> _Required action_:
Could you restate the data word for word and drop the pictures?
Raw data START
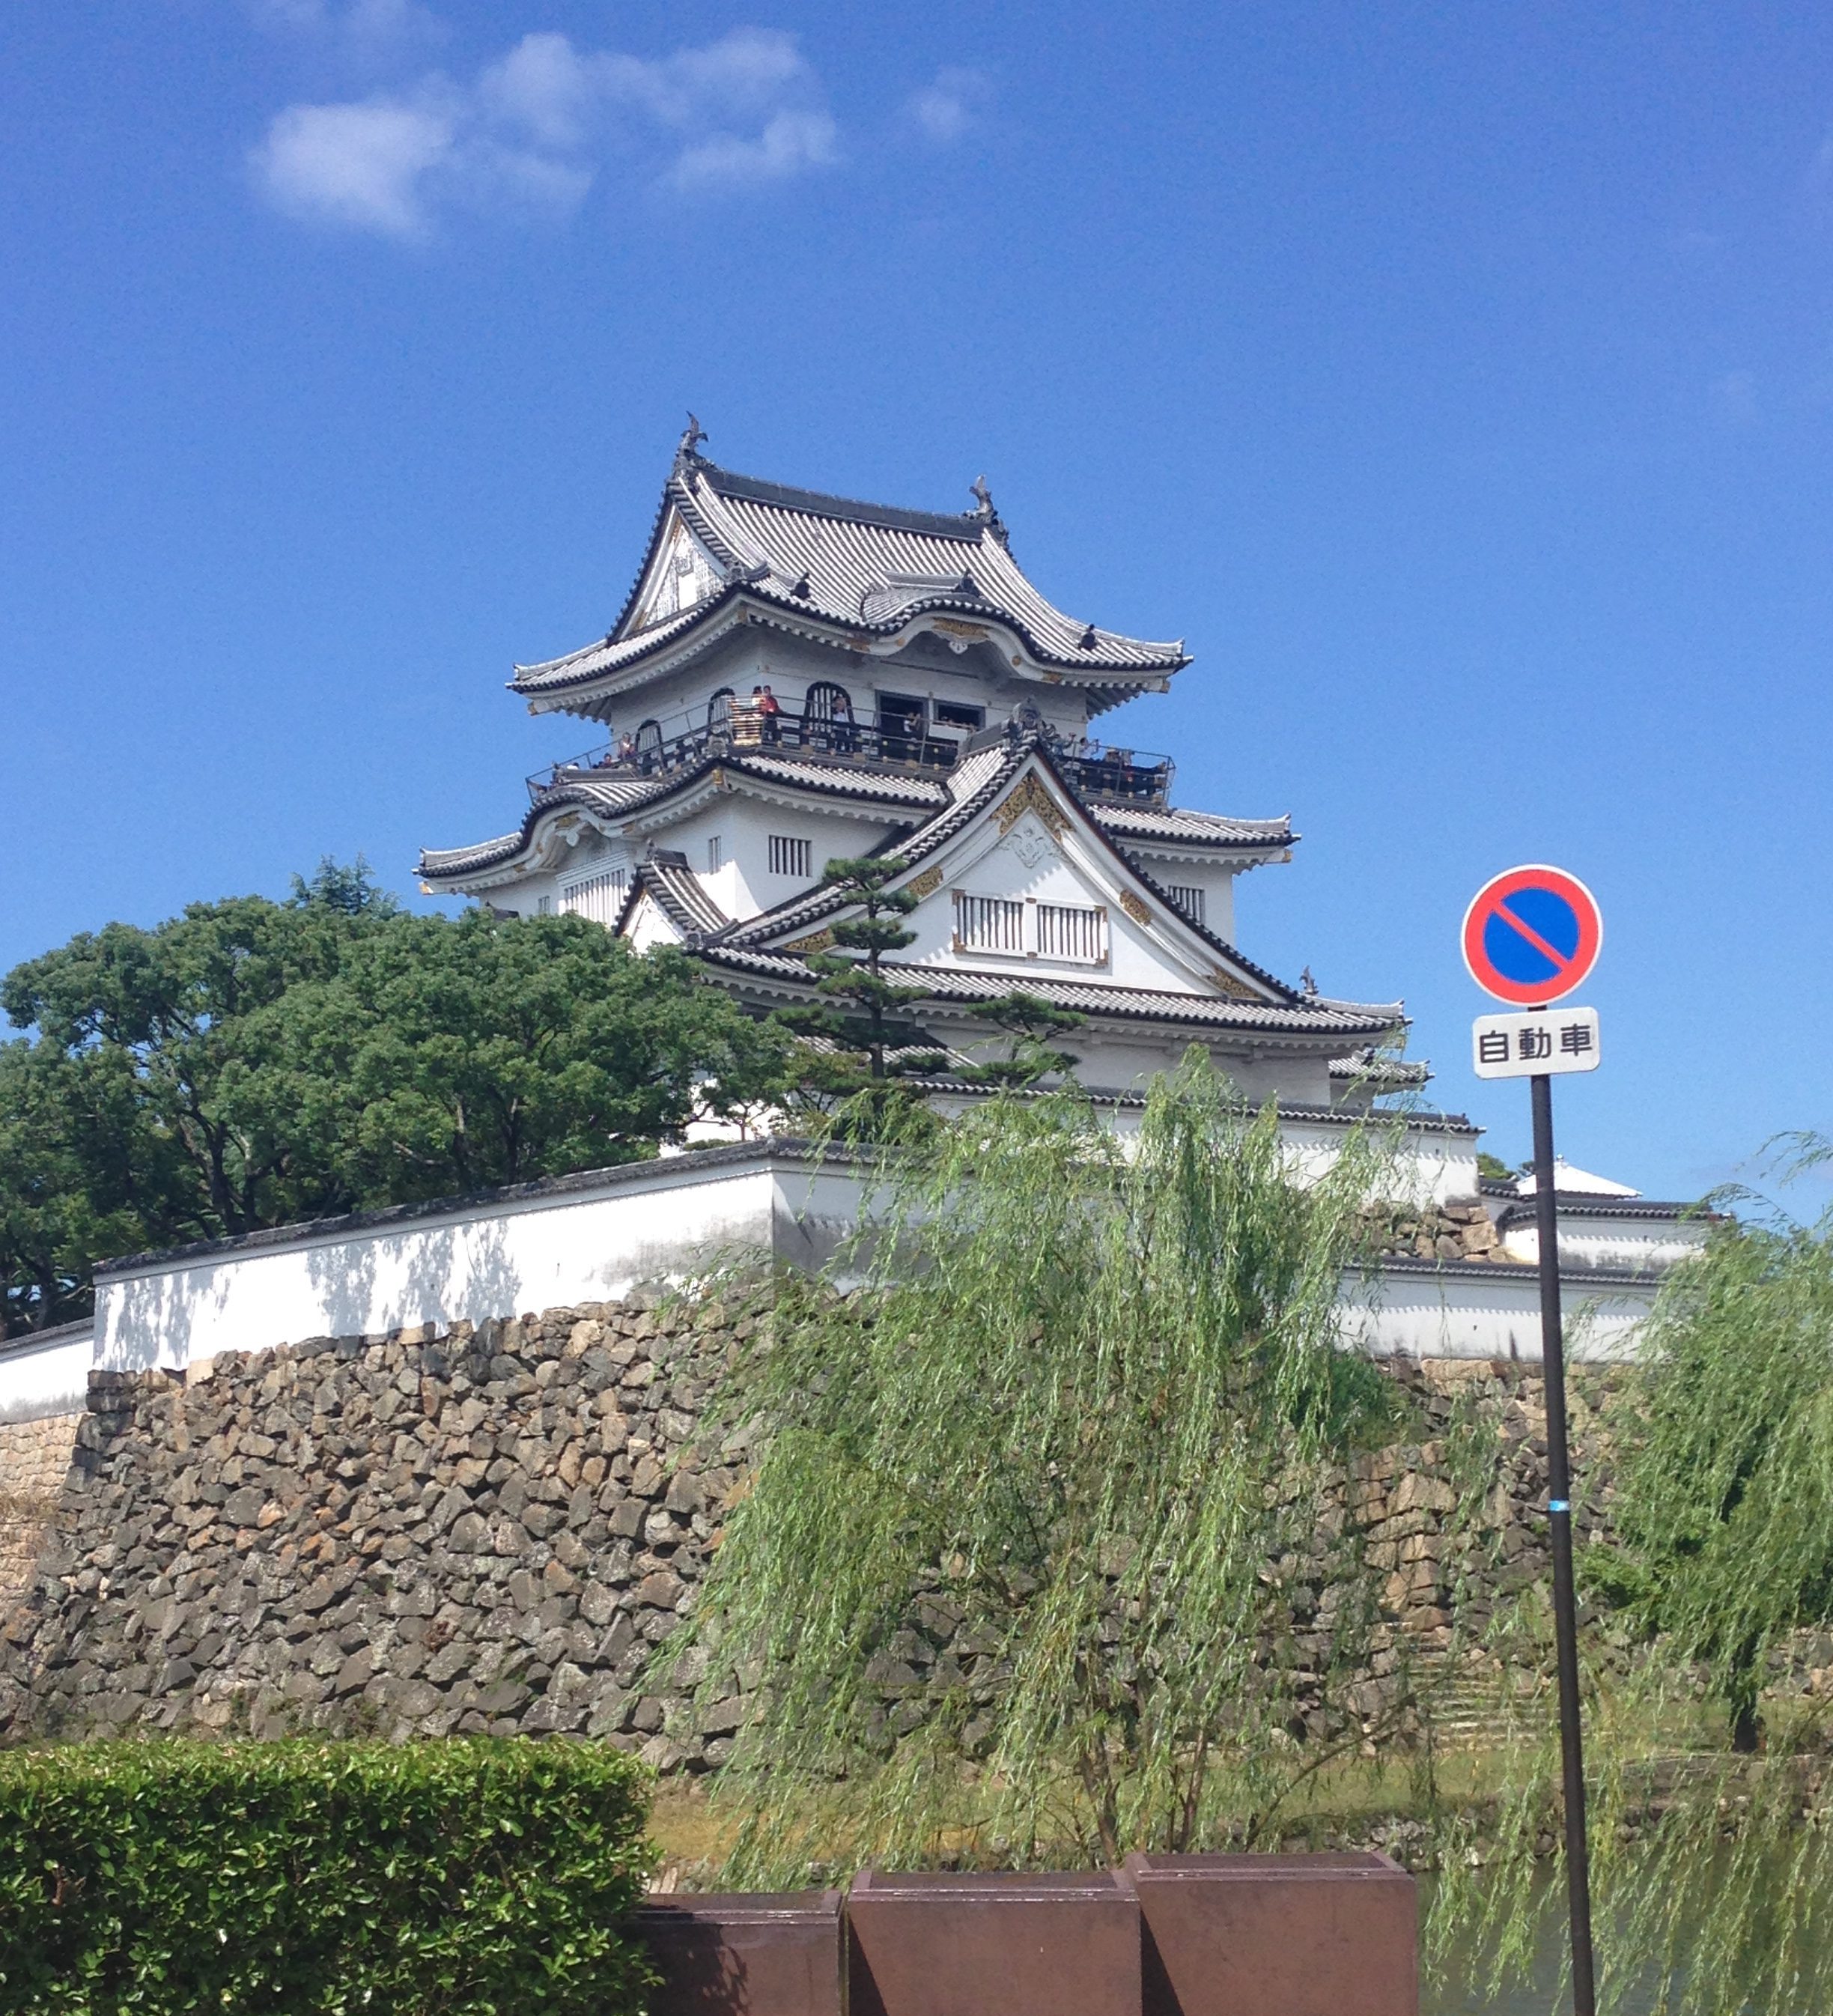 Kishiwada Castle on a bright and clear day
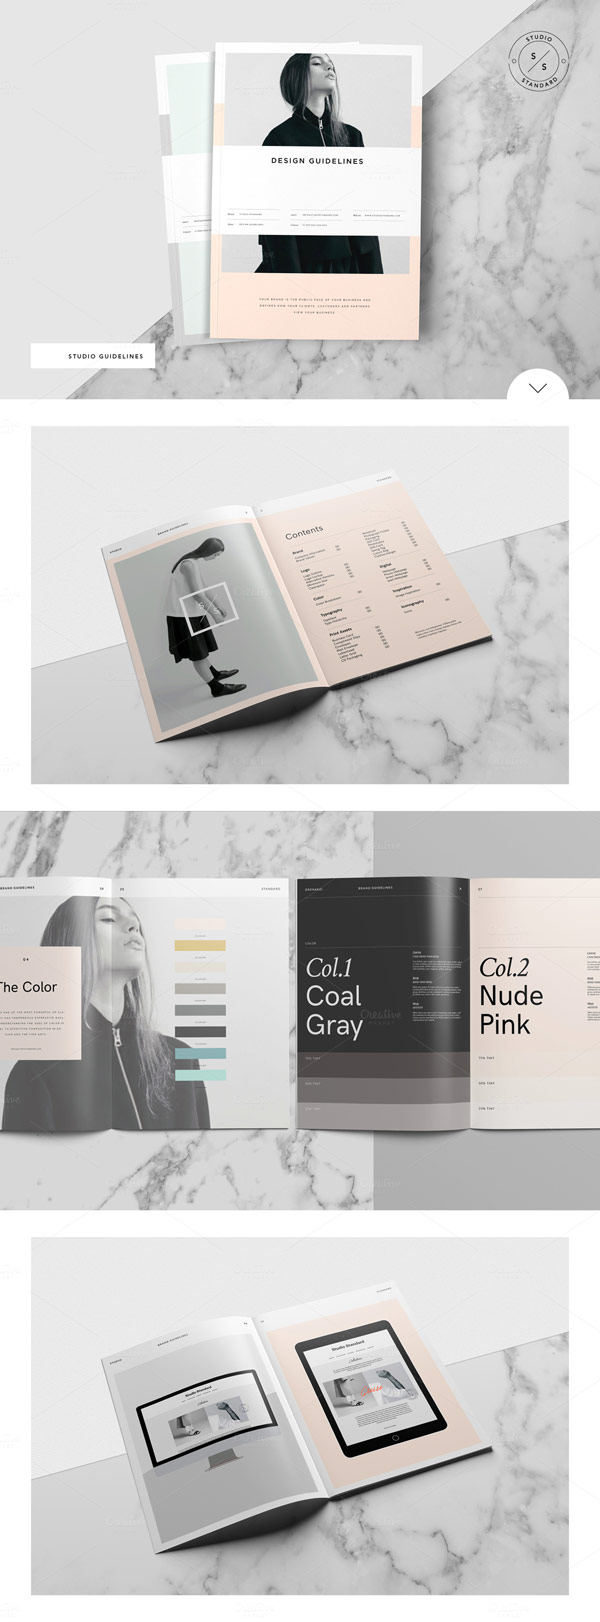 A comprehensive and well designed studio branding guidelines template.
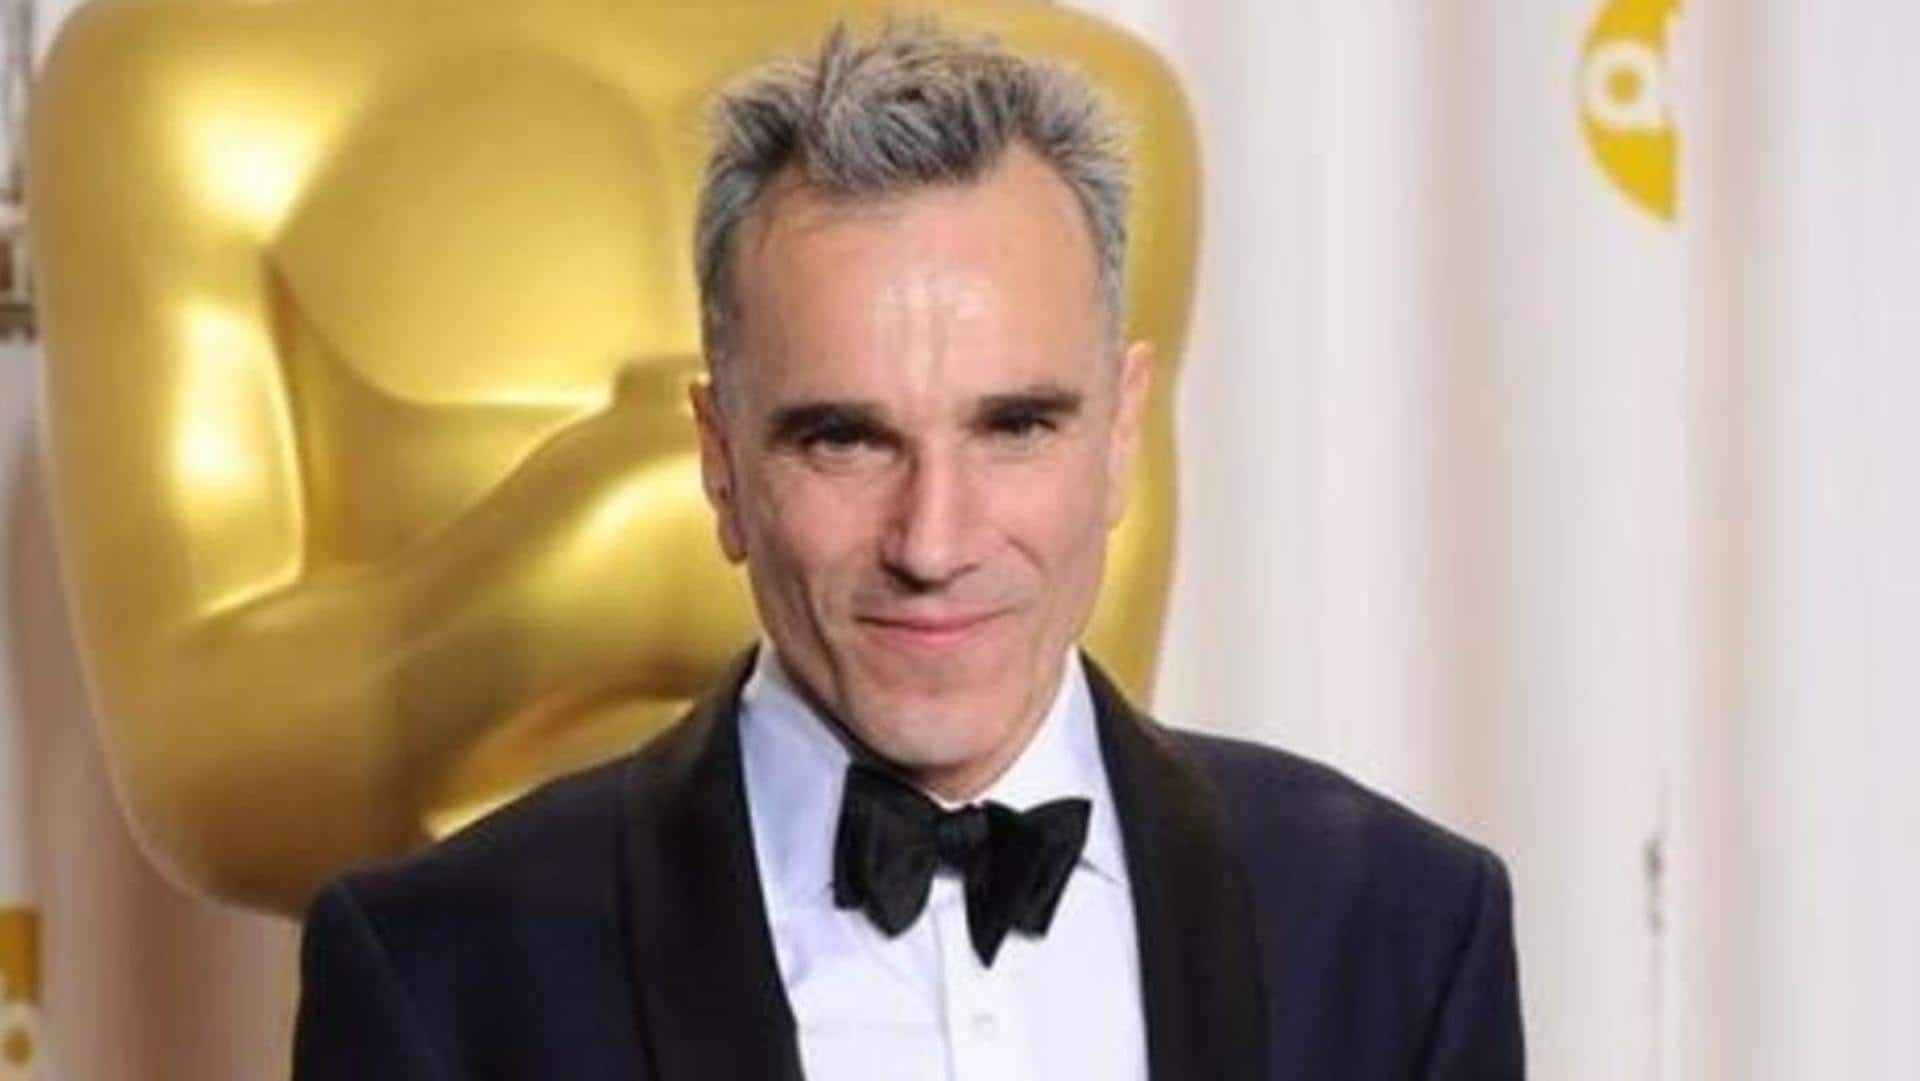 Happy birthday, Daniel Day-Lewis: 5 greatest films of all time
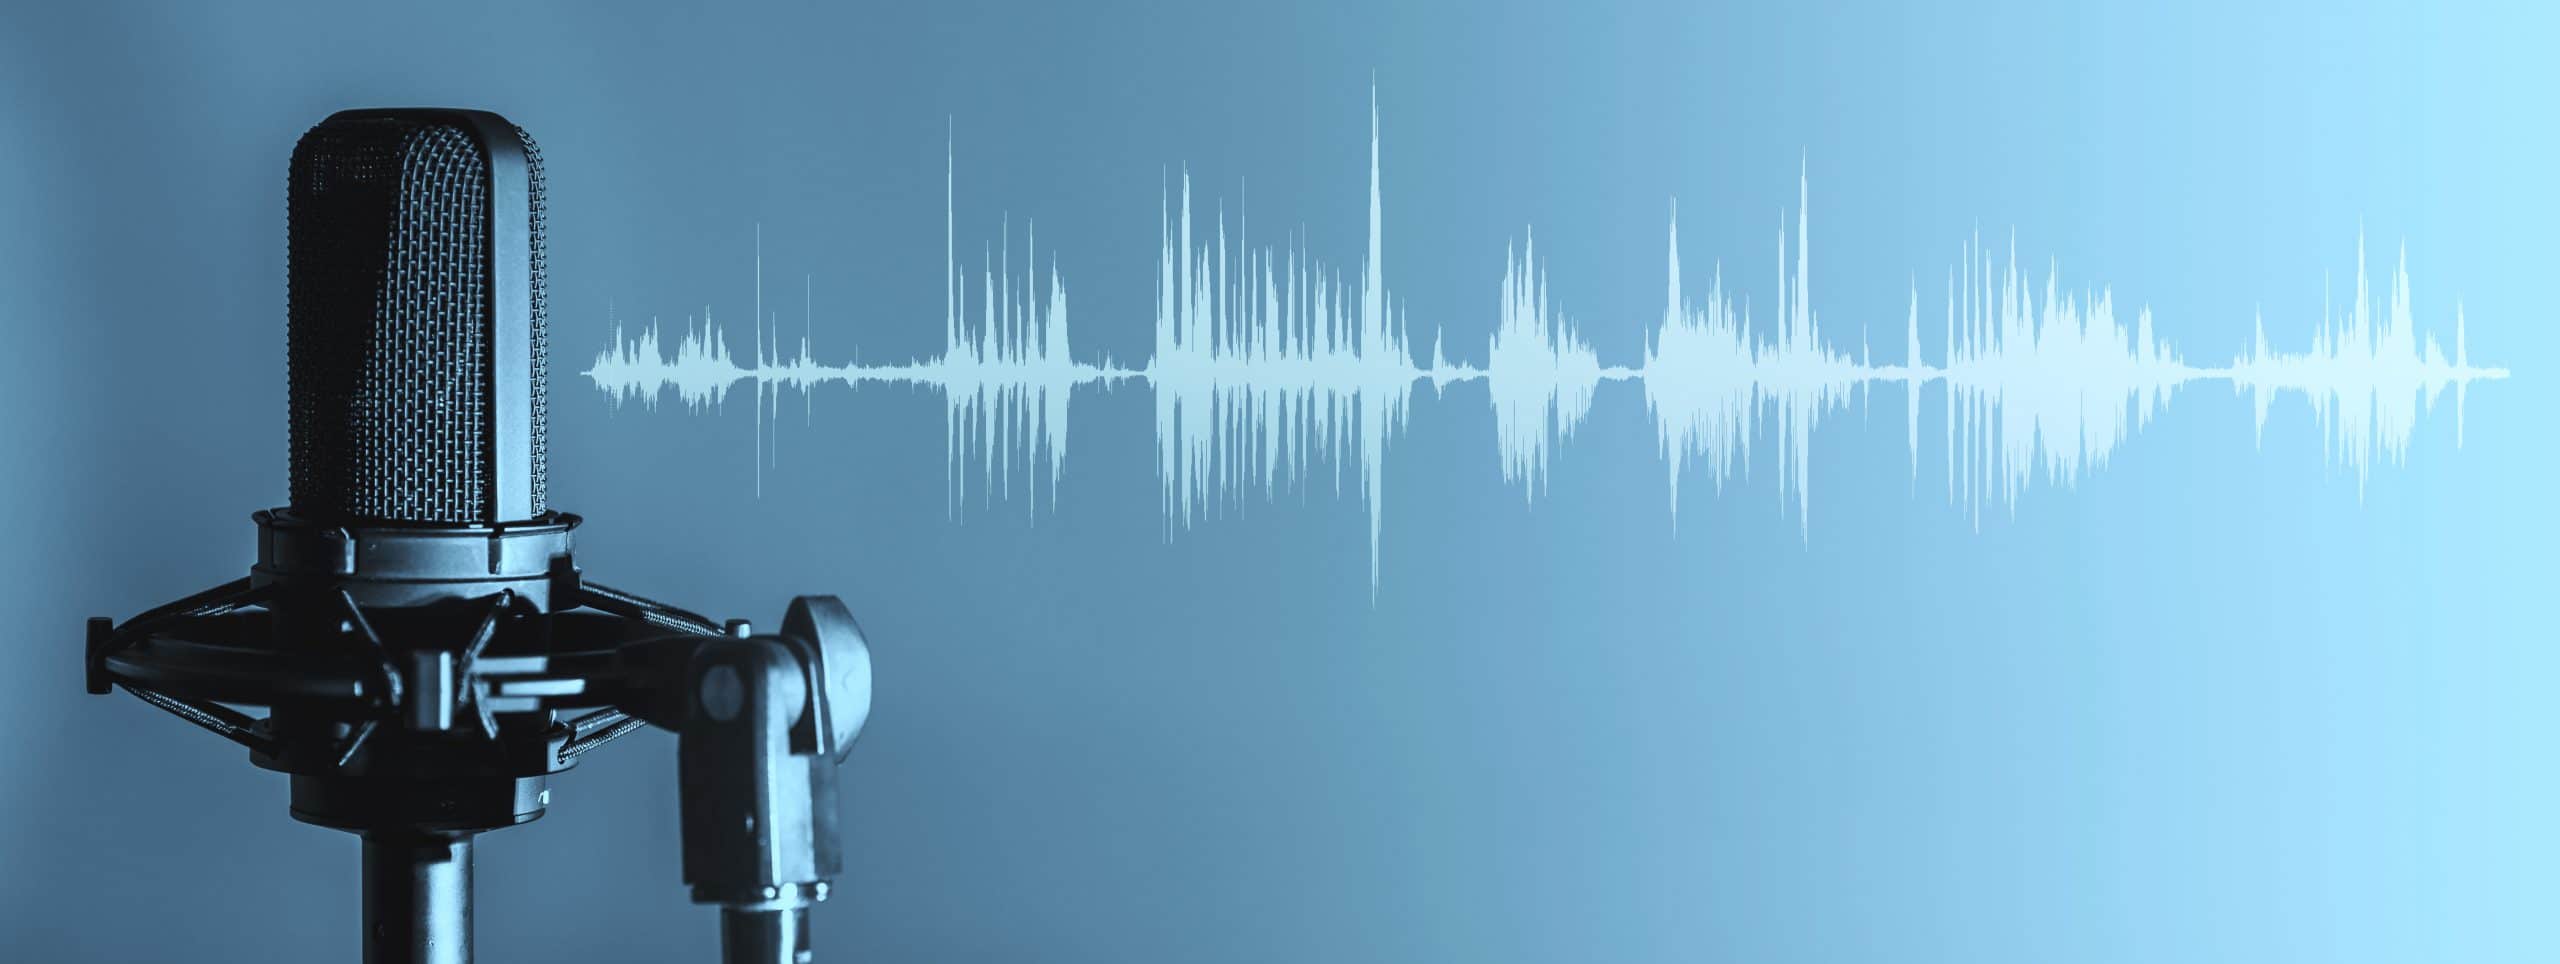 Microphone with waveform on blue background, broadcasting or podcasting banner
Raw data END
> _Your solution_:
 Kishiwada Castle on a bright and clear day
 A comprehensive and well designed studio branding guidelines template.
 Happy birthday, Daniel Day-Lewis: 5 greatest films of all time
 Microphone with waveform on blue background, broadcasting or podcasting banner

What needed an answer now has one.